Rules tighten again for U.S. visitors to Europe

If you’re a U.S. traveler planning to go to Europe in the next couple of months, here’s the one piece of advice we can give you that you should pay any attention to: Keep checking official sources, and don’t rely on yesterday’s answer.

After what amounted to a summer pass for Americans, the European Union has taken a good look at its own situation in combating the Delta variant and it’s taken a good look at the disastrous rise in parts of the U.S., and has decided to tighten up—but each country is making its own rules, and even then they change day-to-day.

The most general true statement is that more and more European countries are admitting only fully-vaccinated Americans. The Netherlands and Denmark have gone that way. Sweden is banning all non-essential visits by Americans. Italy and Spain are demanding recent negative Covid tests even for vaccinated American travelers.

Some countries are talking quarantine again, at least for a few days. The Netherlands has already imposed a 10-day quarantine for vaccinated Americans, which can be cut to five days by a negative test. That move means immediate major changes for river cruises that begin in Amsterdam, which is where most Rhine cruises begin or end. The cruise lines will either have to find an alternate port, or guarantee getting passengers out of the Netherlands within the 12-hour transit grace period.

As for official Covid advice from the various countries: the likely best sources for now are the web pages of their embassies and consulates in the U.S.; generally they refer you to the official posted rules on their country’s health agency.

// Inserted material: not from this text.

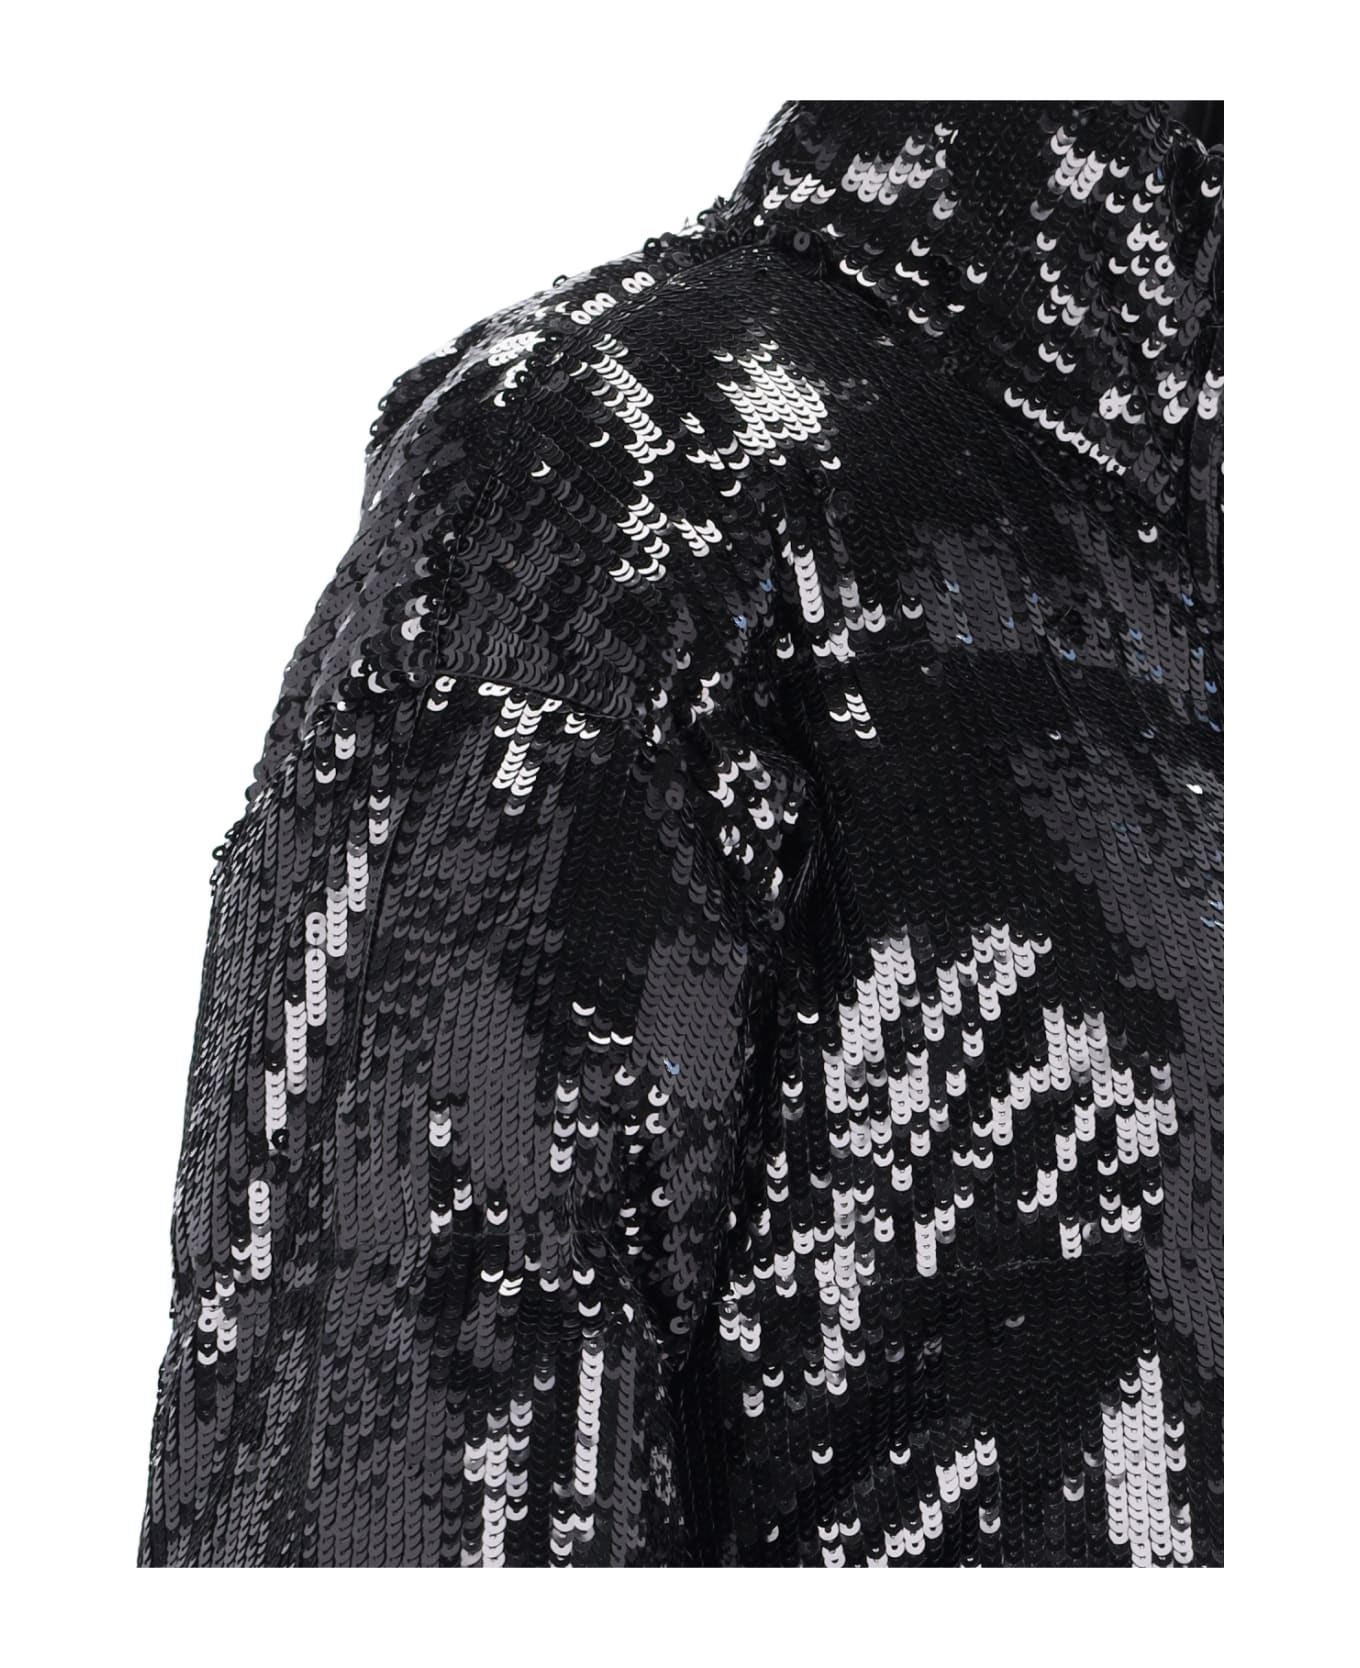 Michael Kors Sequin Embellished Puffer Jacket - Black

Also try the web pages of the U.S. Embassy in the country you want to visit; they often report information they have been given by local officials.

But, a last word of warning: even the official sites are a gamble. I’m writing this from France, where the official page that explains the (changed three times in two weeks) procedure for getting your U.S. vaccine record into their system still informs you that if they don’t come through in time (they didn’t) you can get an antigen test on arrival and it’s good for 72 hours. Which it isn’t: the window was changed to 48 hours for some purposes over a week ago.